この原理に従えば、27℃の室温で1ビットの情報を消去するには、情報を記録している物体から最低でも2.87×10⁻²¹ Jのエネルギーが環境に放出されなければならない計算になります。

これは非常に小さいため、日常生活では意識することもありませんが、コンピュータ上であれ量子系であれ、情報の消去(忘却)は物理的なエネルギー変化を伴う過程であることを示しています。

しかし「情報を消去する」とは物理的に具体的にはどういう現象なのでしょうか?

従来、このランダウアーの原理は主に従来型の計算機や比較的単純な物理実験において検証されてきました。
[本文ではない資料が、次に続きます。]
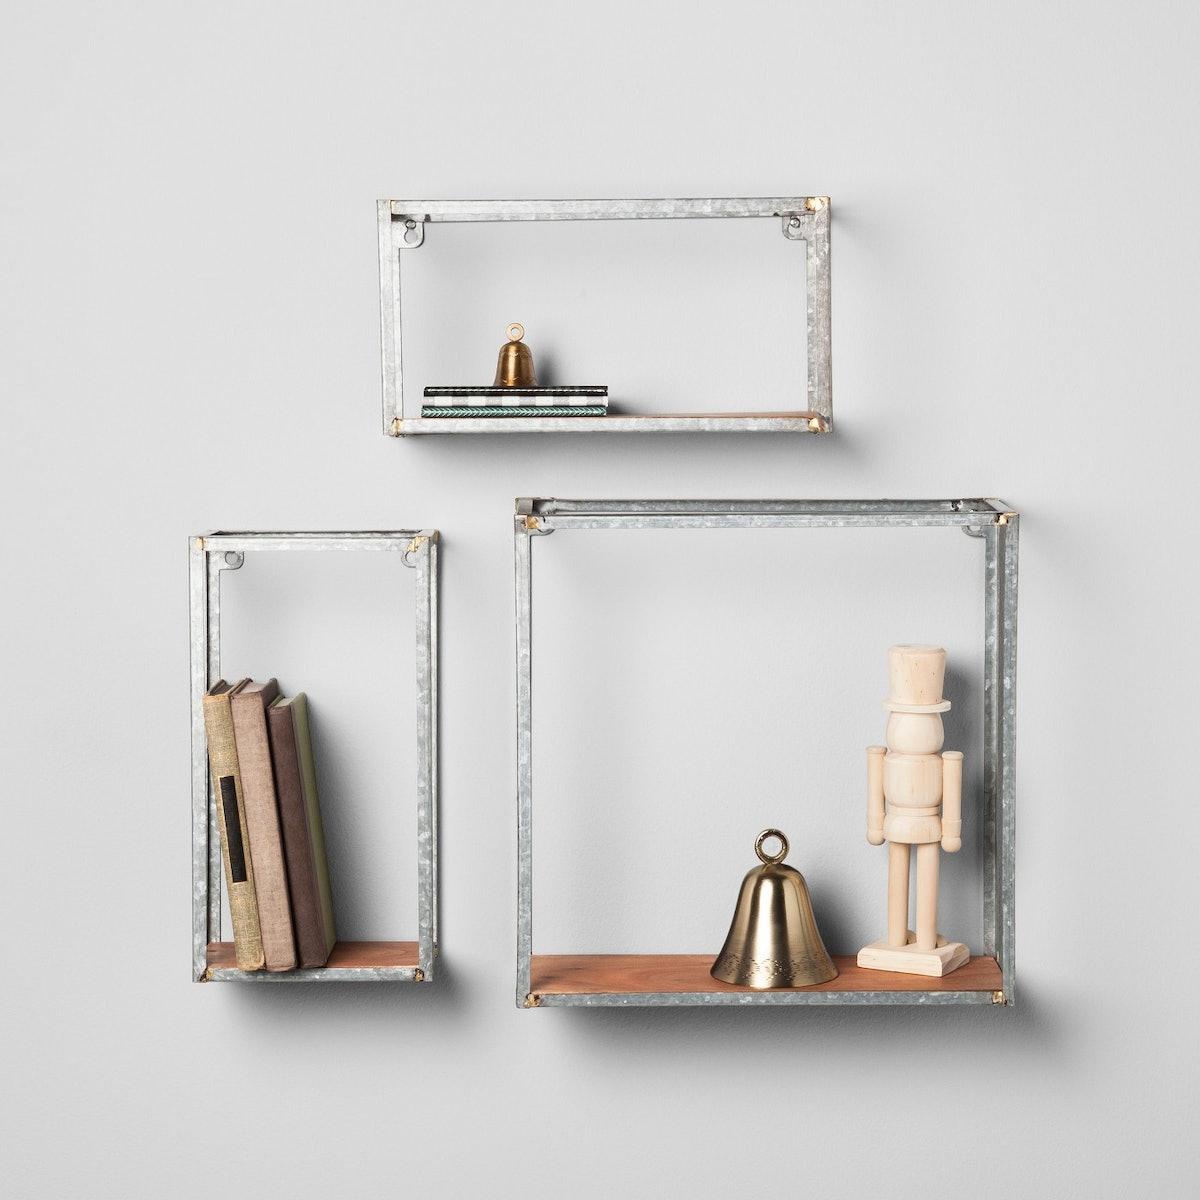 Galvanized Metal and Wood Wall Shelf Set - Hearth & Hand with Magnolia

たとえばナノサイズの磁気メモリや単一原子のレベルのメモリを使用した実験では、確かに、情報1ビットを消去する際に理論が予測する通りのエネルギーが熱として観測されることが示されてきました。

しかし、量子コンピュータのような複雑な量子多体系になると、単純な実験で確かめるのは容易ではありません。

複数の量子粒子が絡み合い、環境との相互作用も複雑化するため、「情報を消去する」という操作が具体的にどういう現象なのかを捉えること自体が難しくなります。

そこで研究チームは今回、この謎めいた量子世界に焦点を当て、量子多体系で情報を消去した時に起こる現象の正体を突き止めることを目指しました。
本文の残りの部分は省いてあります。